Bintitan bisa diibaratkan dengan sebuah
pipa yang ujungnya tersumbat. Penyumbatan itu menyebabkan minyak yang
diproduksi tidak dapat dialirkan dengan sempurna yang akhirnya menyebabkan
pembengkakan. Karena alergi biasanya diturunkan, maka orangtua yang
memiliki alergi dan gampang bintitan seharusnya lebih waspada terhadap
kondisi anaknya. Bukan tidak mungkin si anak mempunyai kecenderungan yang
sama pula.
BINTITAN
BERULANG
Ada anak yang hanya sesekali dalam
hidupnya mengalami bintitan, tapi ada juga yang "langganan"
terkena gangguan yang satu ini. Baru sembuh dari bintitan, 1-2 bulan
kemudian sudah bintitan lagi. Begitu seterusnya. Nah, khusus untuk
anak-anak seperti ini, mau tidak mau hal-hal yang diduga sebagai
penyebabnya haruslah dihindari.
Berikut beberapa langkah yang dapat
dilakukan orangtua untuk mencegah agar bintitan tidak berulang:
·
Jaga kebersihan
Sebenarnya menjaga kebersihan tidak
sebatas pada kelopak mata saja karena menjaga kebersihan tubuh secara
menyeluruh memang dianjurkan secara medis. Intinya, bila kebersihan tubuh
selalu terjaga setidaknya meminimalkan peluang bakteri menginfeksi/menimbulkan
peradangan, termasuk pada kelopak mata yang menyebabkan bintitan.
·
Kebiasaan cuci tangan
Seperti sudah disebut, pada usia
anak-anak, bintitan paling sering terjadi bila tangan kotor tanpa sengaja
digunakan untuk mengucek mata yang terasa gatal. Meski kelihatannya sepele,
gerakan kecil ini bisa memunculkan efek yang tidak kecil. Kalau ada
bakteri yang ikut terbawa saat mengucek tadi bukan tidak mungkin besoknya
sudah jadi bintitan.
·
Waspada jika sering gatal
Bila mata terasa gatal-gatal atau bahkan
sering gatal, sebaiknya bersihkan dengan tetes mata atau sekadar dikompres.

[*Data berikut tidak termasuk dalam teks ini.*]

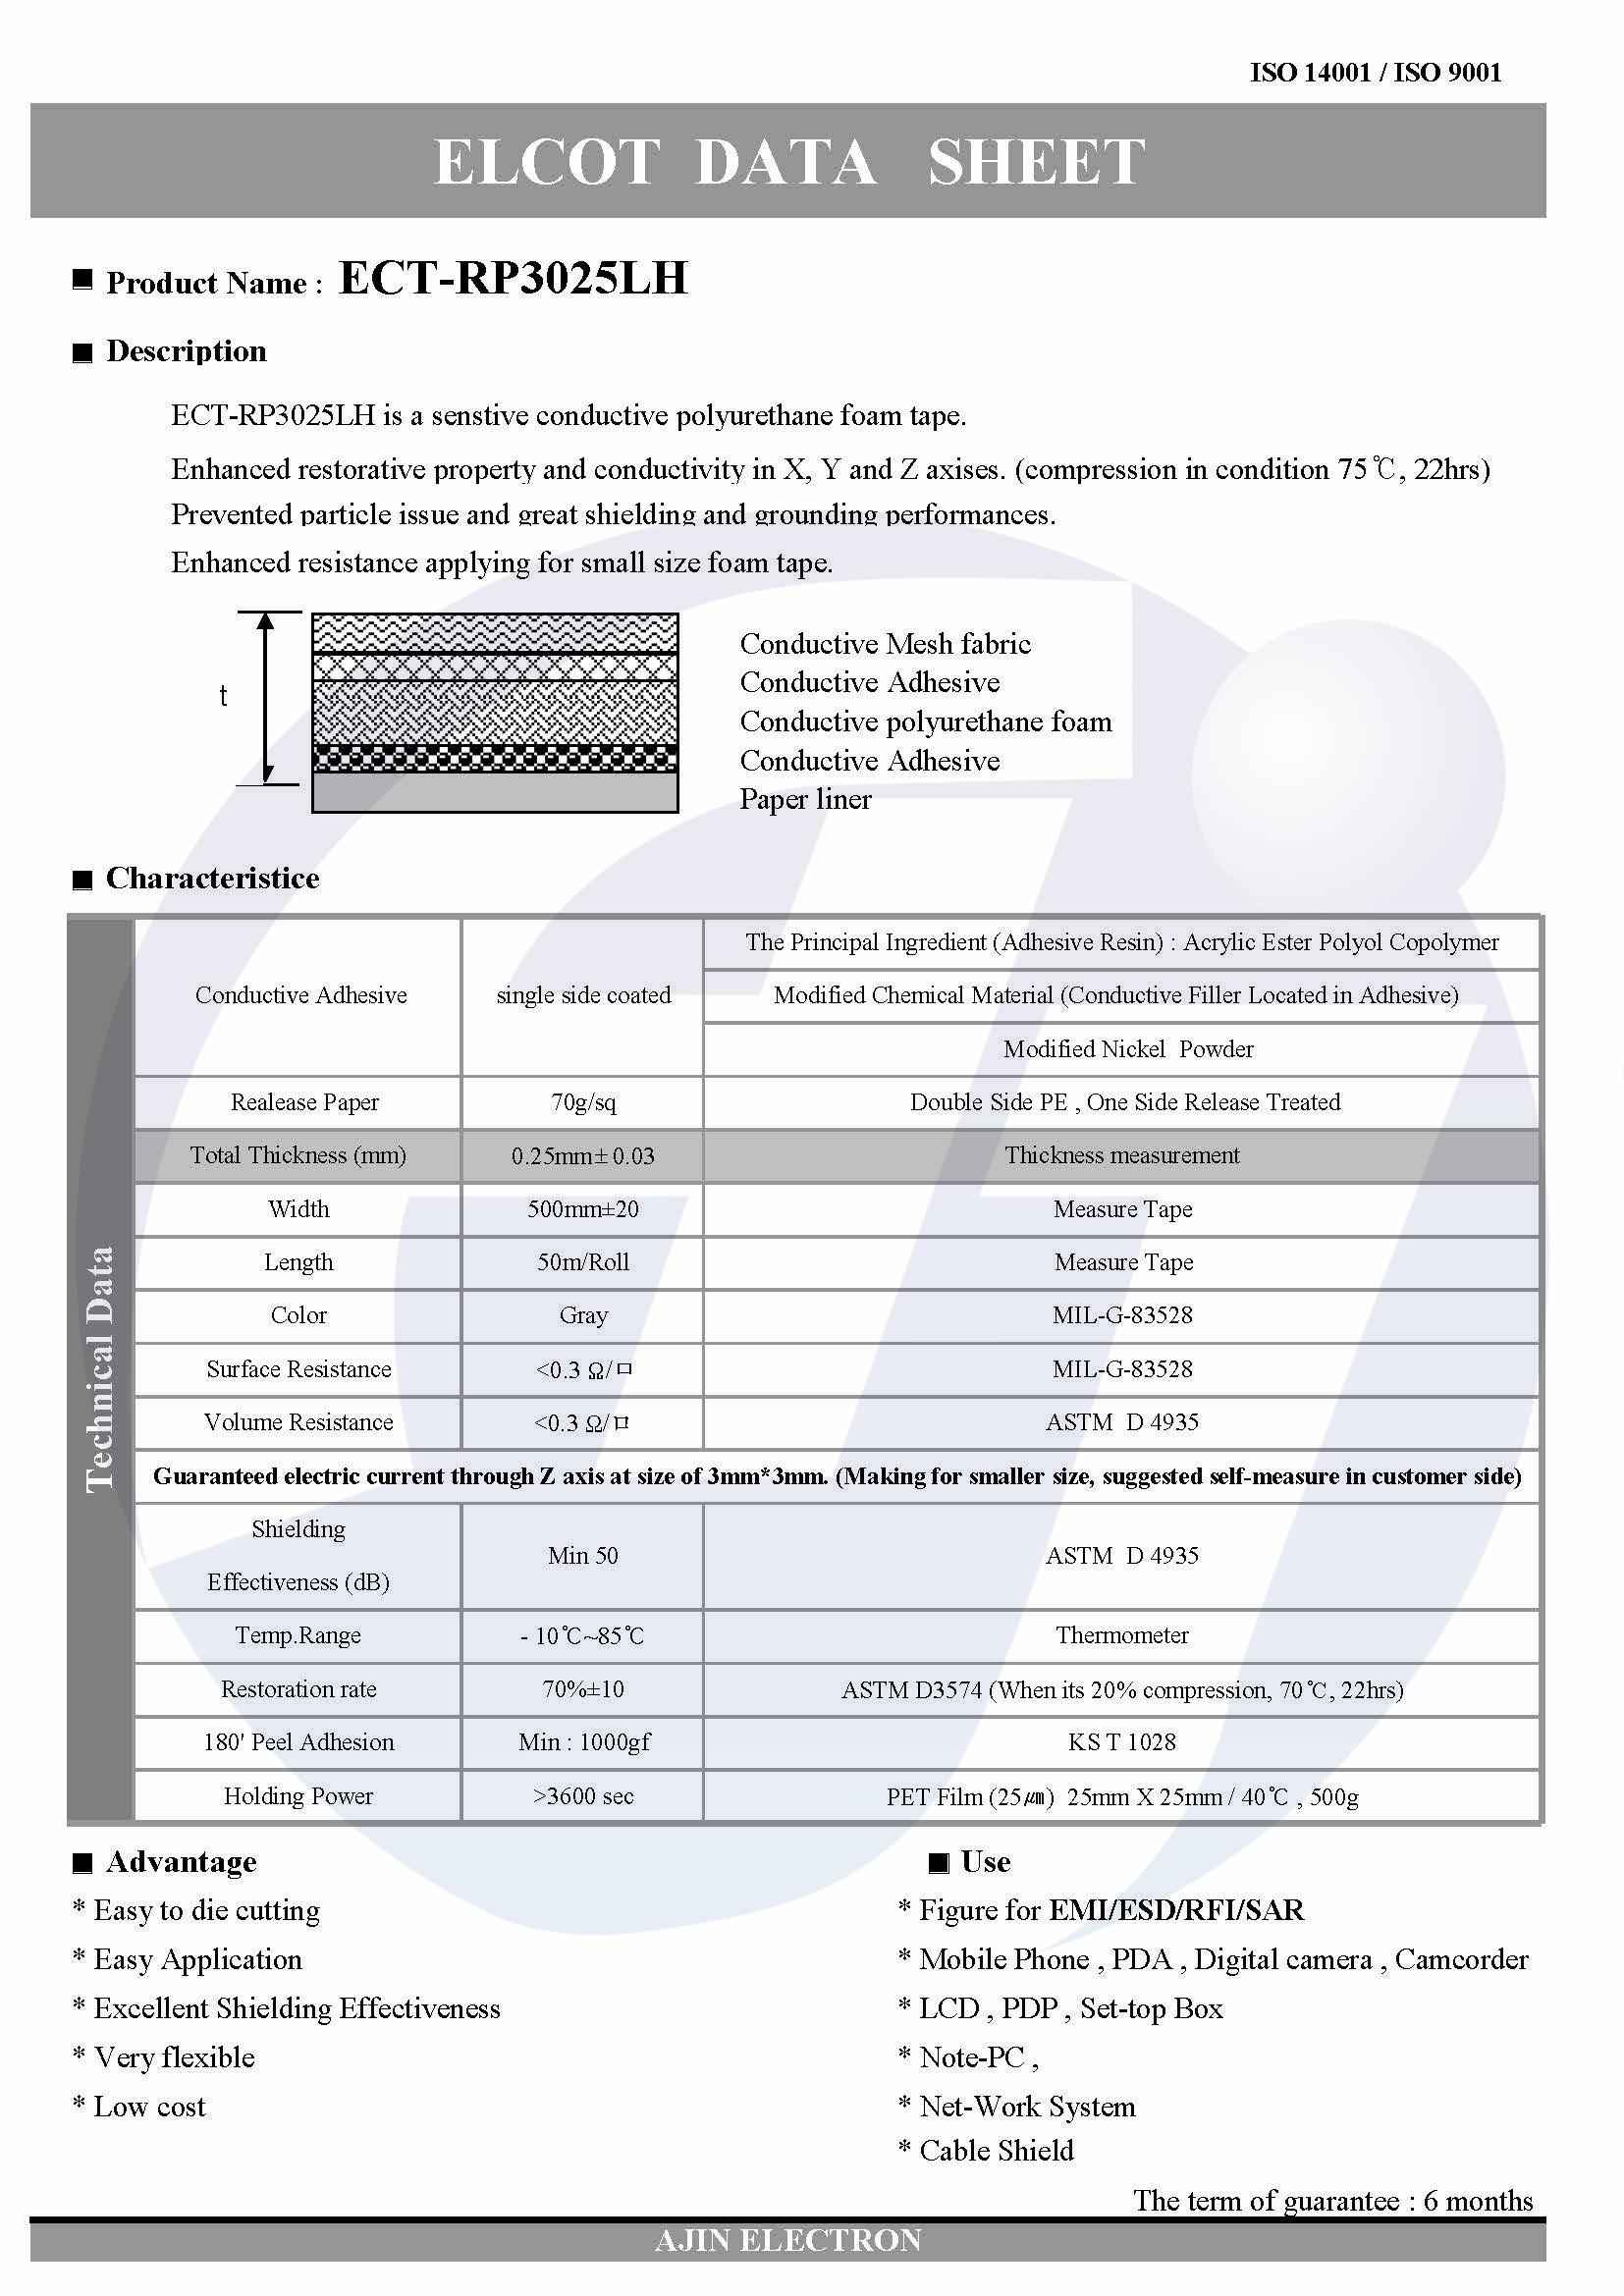 TDS(ECT-RP3025LH).jpg

Jadi, jangan dibiarkan saja karena sangat mungkin rasa gatal tersebut
merupakan gejala awal terjadinya peradangan.
·
Mata lelah
Bila mata sering difungsikan secara
maksimal karena kurang tidur, terlalu banyak membaca, main games di
komputer atau teve, bukan tak mungkin mata jadi lelah, gatal, dan terjadi
peradangan. Keluhan seperti ini umumnya dialami oleh anak yang berbakat
bintitan. Namun kondisi yang sama mungkin saja tidak berlaku pada tiap
anak meski aktivitas yang dilakukannya tidak jauh berbeda.
KOMPRES
HANGAT
Sebelum benar-benar bengkak, orangtua
sebenarnya bisa memberi pertolongan pertama. Begitu bangun tidur,
contohnya. Jika mata anak terlihat kotor, merah, berair, diraba terasa
keras meski belum sampai ada benjolan, itulah tanda-tanda bintitan.

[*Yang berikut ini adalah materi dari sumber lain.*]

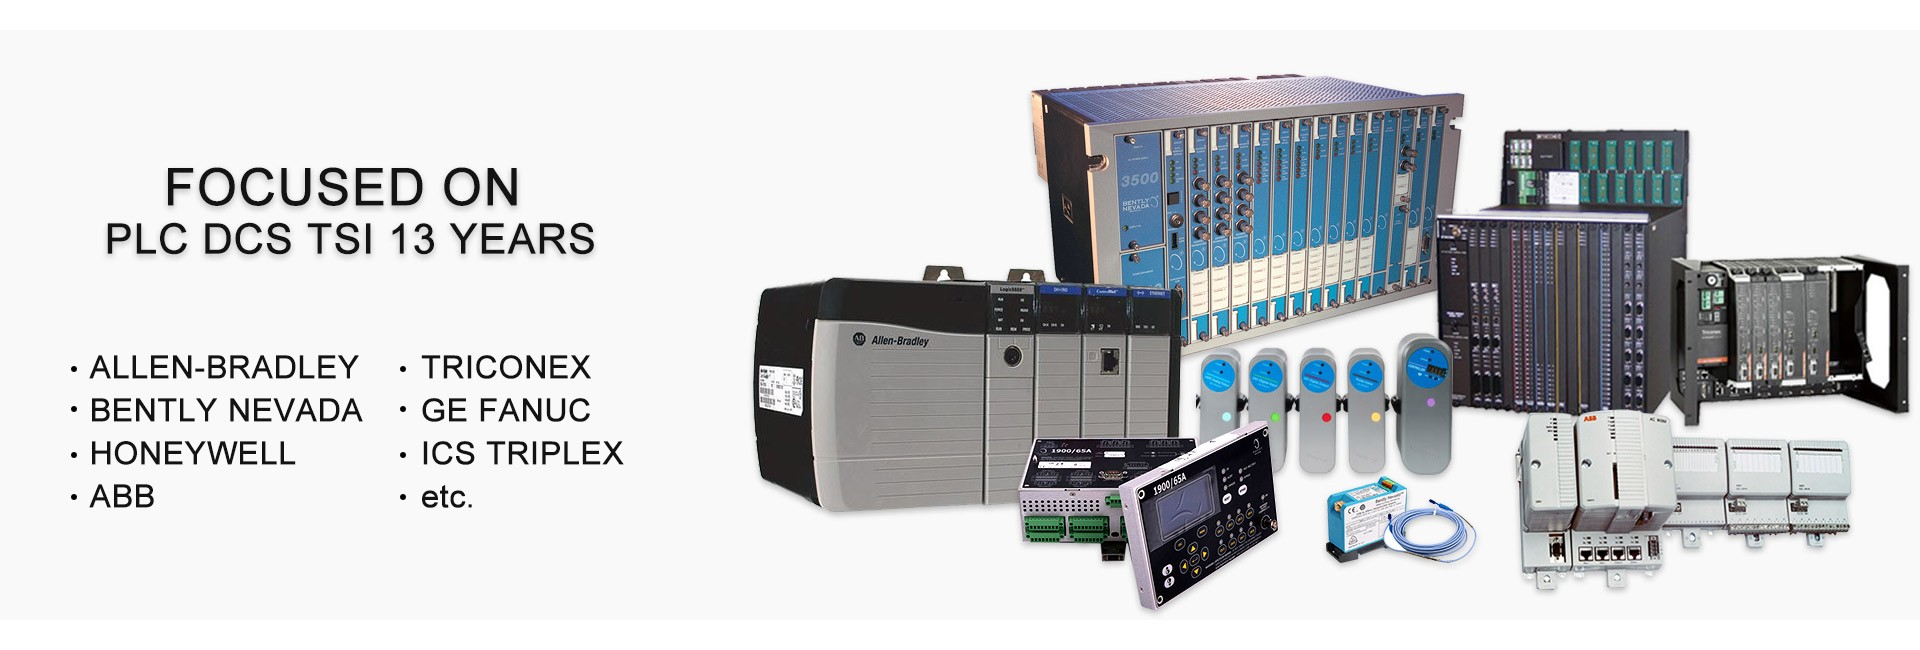 PLC Processor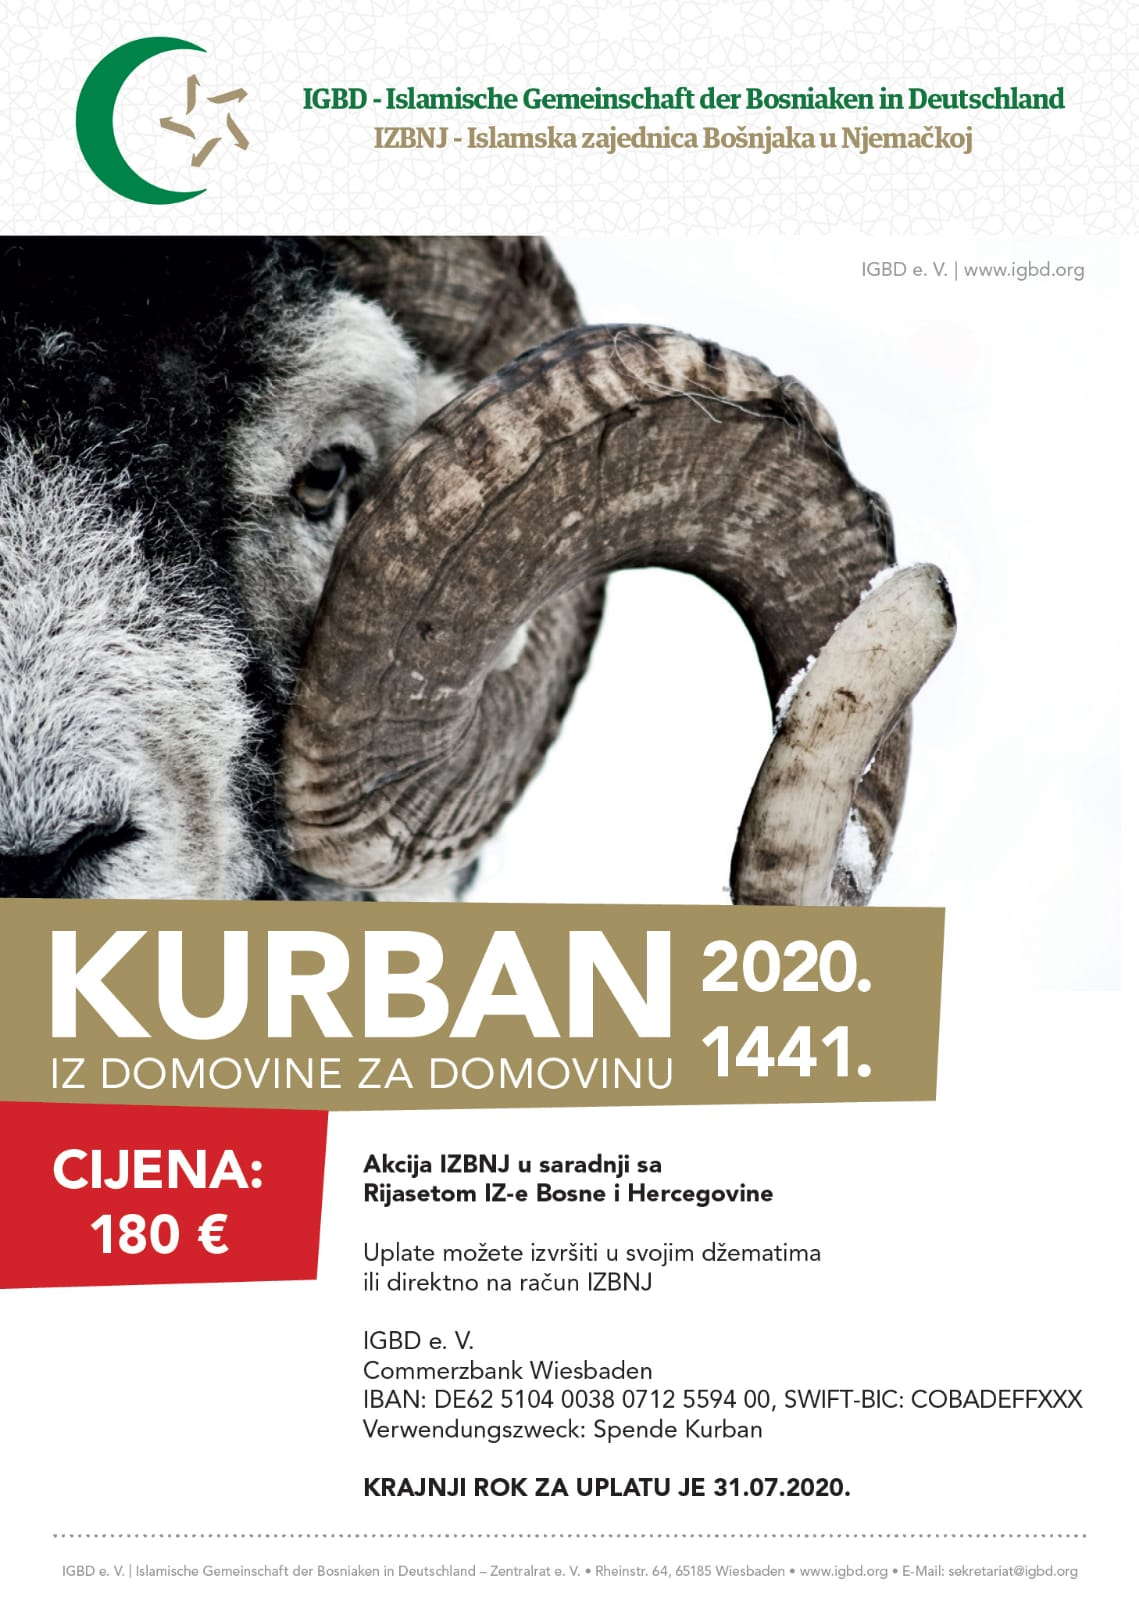 Kurban 2020

Langkah pertama yang bisa dilakukan adalah mengompresnya dengan air hangat.
Berikut macam kompres yang bisa dilakukan:
* Dengan kain yang
direndam air hangat
Caranya:
kain (handuk kecil atau saputangan) direndam dalam air hangat kemudian
usapkan ke mata anak secara perlahan. Lakukan 3 kali sehari.
Keuntungannya: Mata terasa lebih
segar karena tetesan air hangat bisa langsung terasa di mata.
Kerugiannya: Tidak bisa dilakukan
di sembarang tempat karena tetesan air akan menyebabkan tempat jadi basah.
- Dengan botol yang diisi air hangat
Caranya: Cuci botol yang terbuat
dari beling sampai bersih kemudian isi dengan air hangat. Letakkan botol
tersebut di kelopak mata yang terasa mengeras/mengganjal.
Keuntungannya: Lebih praktis
karena tidak ada tetesan air. Bisa dilakukan di mana saja, termasuk di
mobil selama dalam perjalanan.
Kerugiannya: Bila posisi atau
ukuran botol tidak tepat, anak akan merasa tidak nyaman saat dikompres.
* Kombinasi antara
keduanya
Sebaiknya kombinasikan kedua cara di atas.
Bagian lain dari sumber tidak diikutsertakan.